Mittäterschaft im Strafrecht
Sie ist in Artikel 37 Absatz 1 unseres Strafgesetzbuchs als eine Form der Beteiligung geregelt. In diesem Absatz heißt es,
“ist jede Person, die die in der Legaldefinition der Straftat enthaltene Handlung gemeinsam vornimmt, als Täter verantwortlich”.
Wie aus dem Absatz hervorgeht, bedeutet Mittäterschaft, dass die in der Legaldefinition enthaltene Handlung von mehr als einer Person begangen wird
die gemeinsame Begehung einer Straftat. Der Entschluss, eine Straftat gemeinsam zu begehen, und die gemeinsame Beherrschung der gemeinsamen Tat bei allen Mittätern
müssen vorhanden sein. Nur in diesem Fall kann die begangene Tat jedem der Mittäter zugerechnet werden. Die Tat
Die Beherrschung der Begehung einer Straftat ist das objektive Element der gemeinschaftlichen Strafbarkeit, und der Entschluss zur gemeinsamen Begehung einer Straftat ist das objektive Element der gemeinschaftlichen Strafbarkeit.
stellt das subjektive Tatbestandsmerkmal dar.

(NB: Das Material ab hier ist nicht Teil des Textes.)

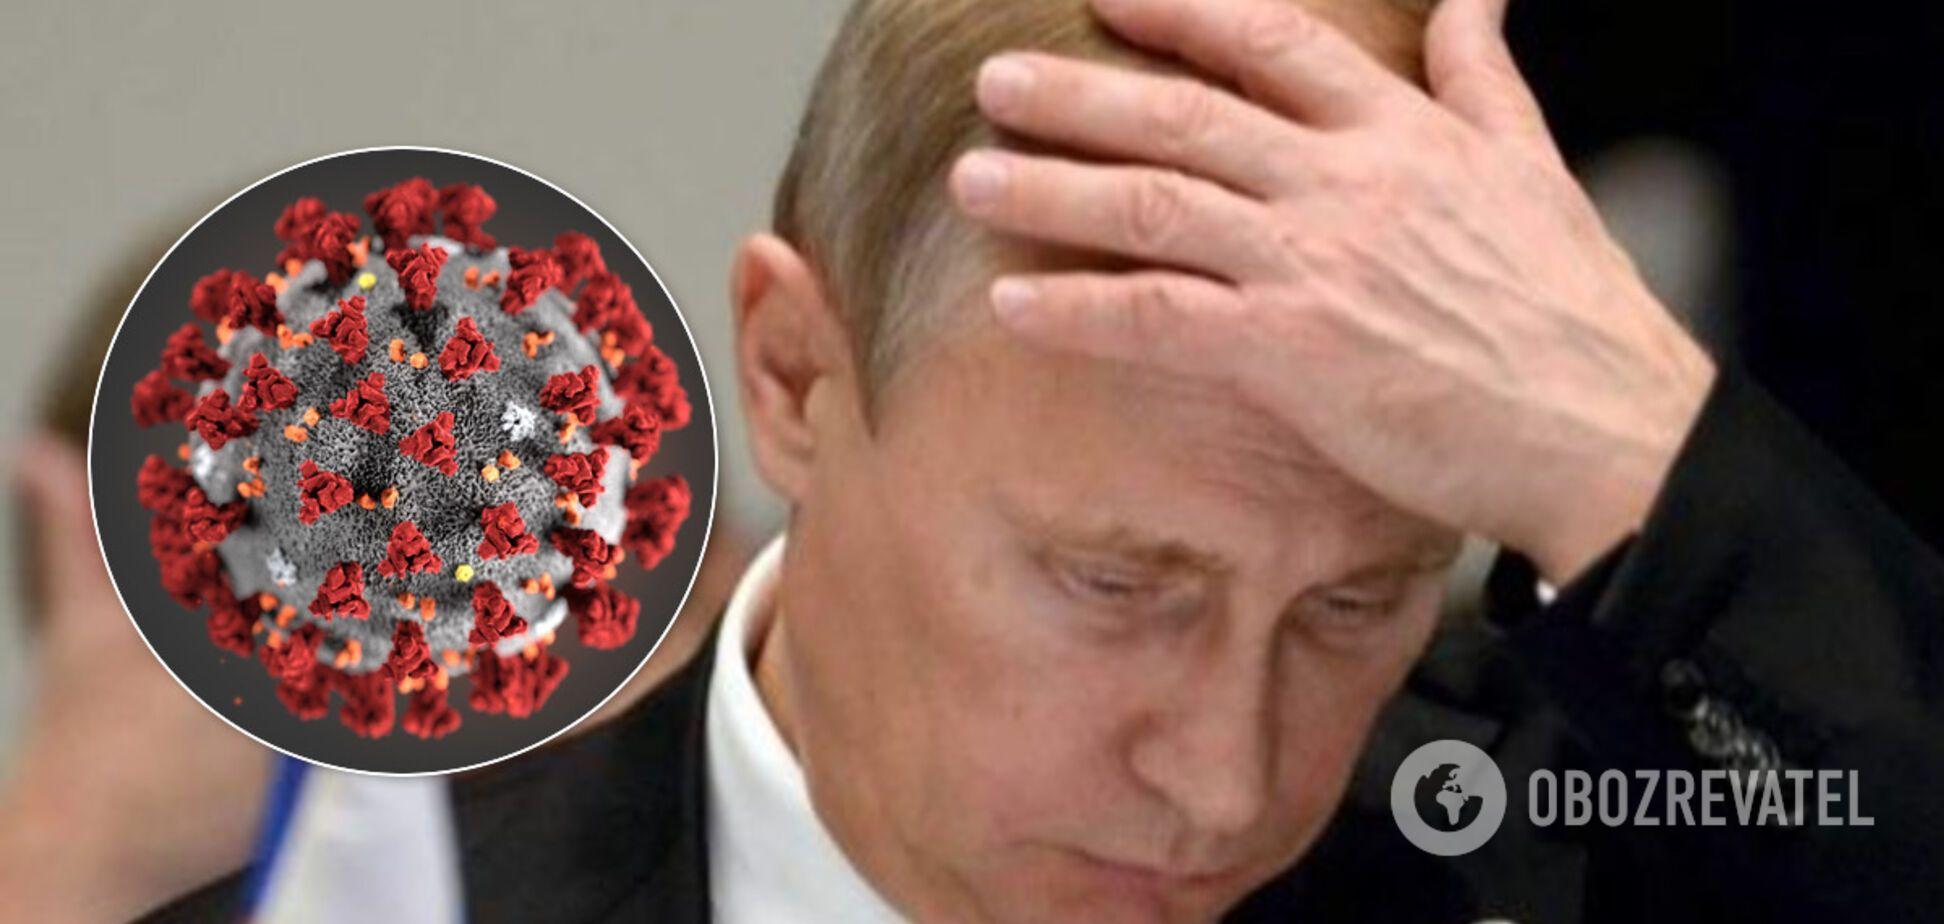 Пандемія коронавірусу прискорить відставку Путіна – однокурсник президента РФ

Da die in gemeinschaftlicher Täterschaft begangene Tat jedem Mittäter zugerechnet wird, ist jeder von ihnen für die begangene Straftat als Täter verantwortlich.
wird für die Straftat verantwortlich gemacht. Bei einigen Arten von Straftaten hat der Gesetzgeber jedoch festgelegt, dass die Straftat von mehr als einer Person begangen wird.
(TPC Art. 102/3-d, 103/3-a, 106/2-c, 109/3-b, 119/1-c,
149/1-c, 265/3). Einige Autoren der Doktrin kritisieren diese Situation und argumentieren, dass
dieselbe Handlung ein zweites Mal bestraft wird, weil sie von mehr als einer Person begangen wird und der Grundsatz non bis in
idem-Grundsatz. Nach Ansicht der Autoren ergeben sich solche Regelungen aus dem Gesetz
oder, wenn es dabei bleiben soll, nicht in Form von Mittätern und nicht in Form von Mittätern, die nicht das Niveau von Mittätern erreichen, angewendet werden sollen. Mittäterschaft.
sollten als Umstände akzeptiert werden. In Bezug auf die von mehr als einer Person begangene Straftat werden jedoch
werden in Lehre und Praxis Absprachen als Mittäter akzeptiert. Es ist zu beachten, dass
die Begehung der Straftat durch mehr als eine Person die Begehung der Straftat erleichtert und somit die Tat ungerecht macht
ihren Inhalt beeinträchtigt. Dies ist insbesondere bei Taten der Fall, an denen das Opfer beteiligt ist und bei denen Nötigungsgewalt im Spiel ist.
in Fällen, in denen der Widerstand des Opfers gebrochen wurde. Istanbul
Das Übereinkommen sieht außerdem vor, dass die im Übereinkommen genannten Straftaten von zwei oder mehr Personen gemeinsam begangen werden müssen
Es erlegt den Vertragsparteien die Verpflichtung auf, dies als qualifizierenden Umstand vorzusehen. Daher ist eine solche Regelung
Sie ist angemessen, weil sie im Gesetz steht, den Inhalt des Unrechts betrifft und eine internationale Verpflichtung darstellt.
der oben genannten Straftaten. Was wir jedoch kritisieren möchten, ist, dass diese Art von
Festlegungen nicht für andere Gewaltdelikte gelten. Zum Beispiel vorsätzliche Körperverletzung, Grausamkeit, Folter
warum eine solche Regelung nicht in diese Straftatbestände aufgenommen wird. Unser Gesetz sollte in diesem Sinne überarbeitet werden
erforderlich.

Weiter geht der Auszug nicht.